The exemplary cast also features Max Gordon Moore as Bluebeard, Walter Bobbie as the Bishop of Beauvais, John Glover as the Archbishop of Rheims, Matthew Saldivar as Bertrand de Poulengey, Robert Stanton as Baudricourt’s steward, Russell G. Jones as Monseigneur de la Trémouille, and Jack Davenport as the Earl of Warwick. Most of the actors play more than one role; Page is particularly impressive as Baudricourt and the Inquisitor. Daniel Sullivan’s (The Little Foxes, Proof) direction can get a little bumpy though there are several deft touches, and at nearly three hours, the show can be a little trying. Which brings us to the rather campy epilogue. Shaw wrote Saint Joan in 1923, three years after her canonization, something he deals with in the somewhat surreal, comic, and arguably out-of-place conclusion. “As to the epilogue, I could hardly be expected to stultify myself by implying that Joan’s history in the world ended unhappily with her execution, instead of beginning there,” Shaw wrote. “It was necessary by hook or crook to shew the canonized Joan as well as the incinerated one; for many a woman has got herself burnt by carelessly whisking a muslin skirt into the drawing-room fireplace, but getting canonized is a different matter, and a more important one. So I am afraid the epilogue must stand.” And so it does, for better or worse.

JUNK

(photo by T. Charles Erickson)

Ayad Akhtar and Doug Hughes shine a light on debt financing, leverage, disclosure violations, and the death of American manufacturing in Junk at Lincoln Center (photo by T. Charles Erickson)

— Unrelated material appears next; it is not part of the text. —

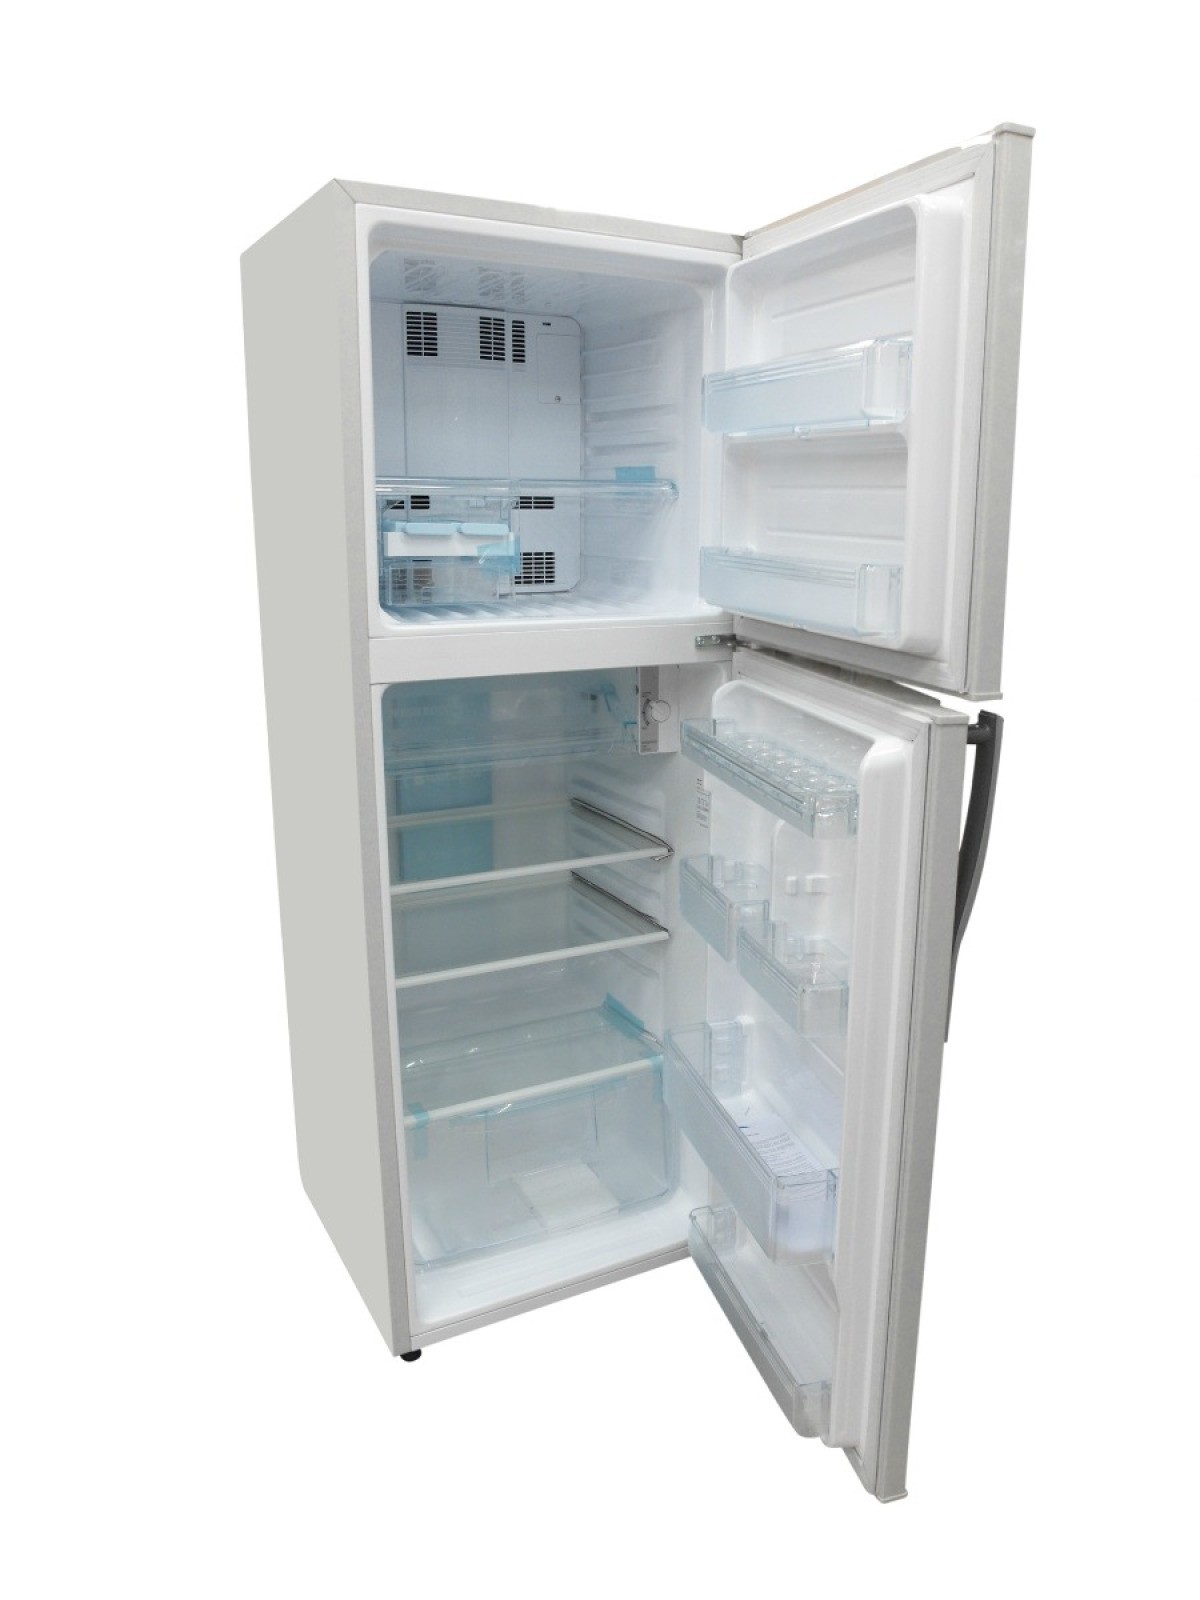 Nguyên nhán và cách khắc phục tủ lạnh chạy ngắt liên tục hiệu quả
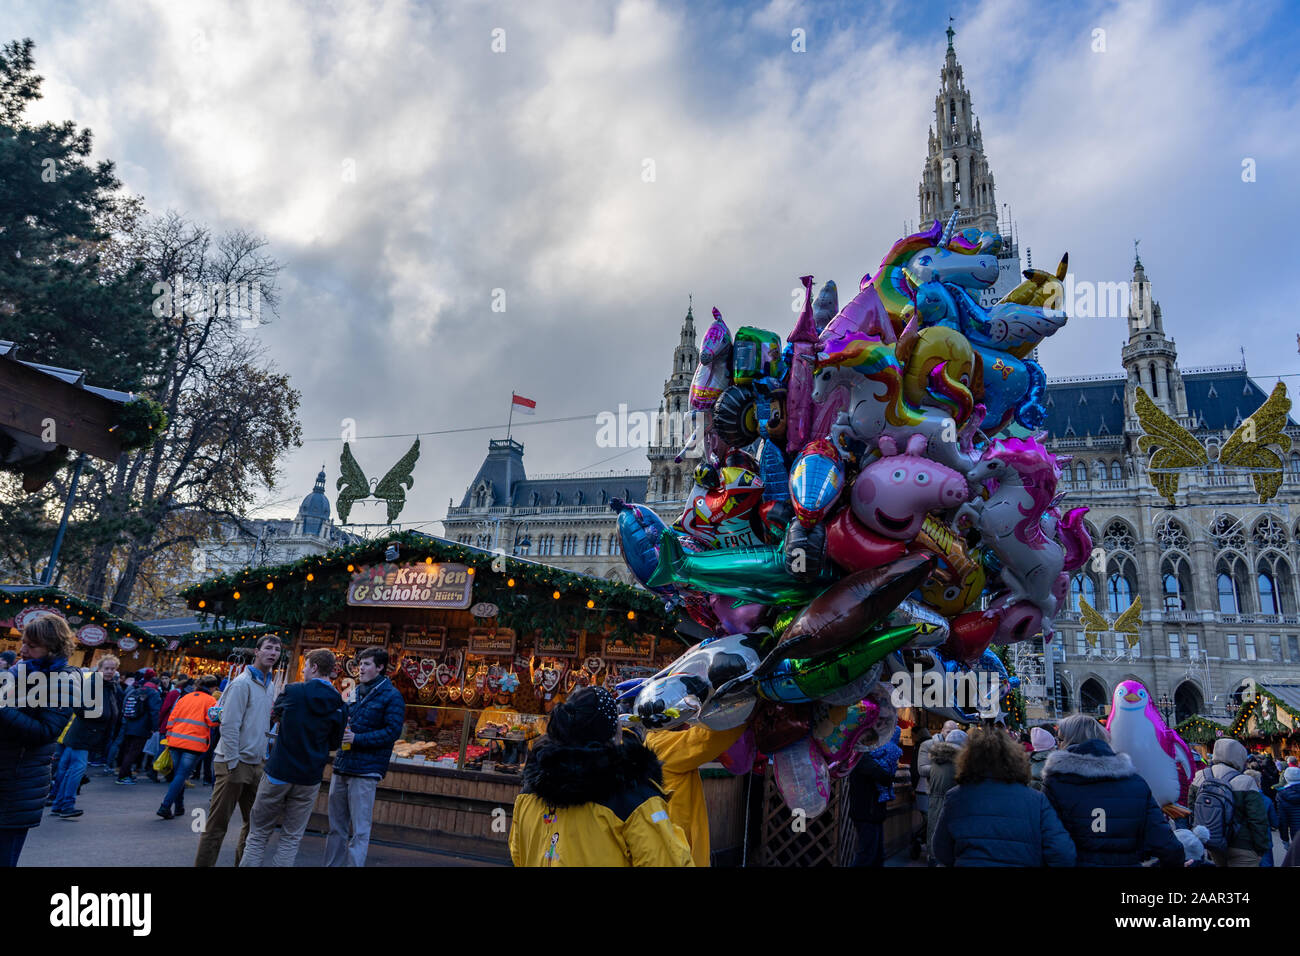 Vienne, Autriche - 11.23.2019 : christkindelmarkt à Wien Vienne avec l'homme de jour personnes et des ballons pour les enfants Banque D'Images

Vivian Beaumont Theater at Lincoln Center Theater
150 West 65th St. between Broadway & Amsterdam Ave.
Tuesday – Saturday through January 7, $87-$147
212-362-7600
www.lct.org

Just because I graduated from Wharton in the 1980s doesn’t mean I understand every intricacy in Ayad Akhtar’s complexly layered Junk, his sizzling-hot excoriation of greed and hostile takeovers, set in 1985. But Akhtar makes the key elements easy to follow, even for me, as a group of men fight it out for control of an Allegheny steel mill — but the last thing on their mind is actually steel, because in this world, it’s money that matters. Akhtar — who won the Pulitzer Prize for Disgraced, a sharp play about race, assimilation, ambition, and bigotry, and whose 2014 drama, The Invisible Hand, put capitalism and religion on trial in Pakistan — refers to Junk as “a ritual enactment of an origin myth,” in this case that of debt financing at the expense of American manufacturing. “When did money become the thing — the only thing?” journalist Judy Chen (Teresa Avia Lim) asks at the beginning. “It was like a new religion was being born.” It might not sound like a sexy topic, but it’s a scorcher in the hands of Tony-winning director Doug Hughes (The Father, Incognito), who orchestrates all the back-room dealings on John Lee Beatty’s dazzling multilevel set, strikingly lit by Ben Stanton. Sacker-Lowell junk bond trader Robert Merkin (Steven Pasquale) is the mastermind behind a hostile takeover of Everson Steel and United, a family-owned business on the Dow. Merkin, who believes that “debt is an asset,” and Sacker-Lowell lawyer Raül Rivera (Matthew Saldivar), who claims that “nothing makes money like money,” are working with corporate raider Israel Peterman (Matthew Rauch) to gain control of Everson Steel, owned by Thomas Everson Jr. (Rick Holmes), who desperately wants to hold on to the Allegheny-based firm founded by his father. Merkin turns to his wife, numbers whiz Amy (Miriam Silverman), for advice while luring in arbitrageur Boris Pronsky (Joey Slotnick) and investor Murray Lefkowitz (Ethan Phillips) to raise the necessary funds and manipulate the market. When old-time private equity magnate Leo Tresler (Michael Siberry) gets wind of Merkin’s plan, he decides to throw his hat in the ring as well. Meanwhile, US attorney Giuseppe Addesso (Charlie Semine) and assistant US attorney Kevin Walsh (Philip James Brannon) are operating behind the scenes, building a case against Merkin and others.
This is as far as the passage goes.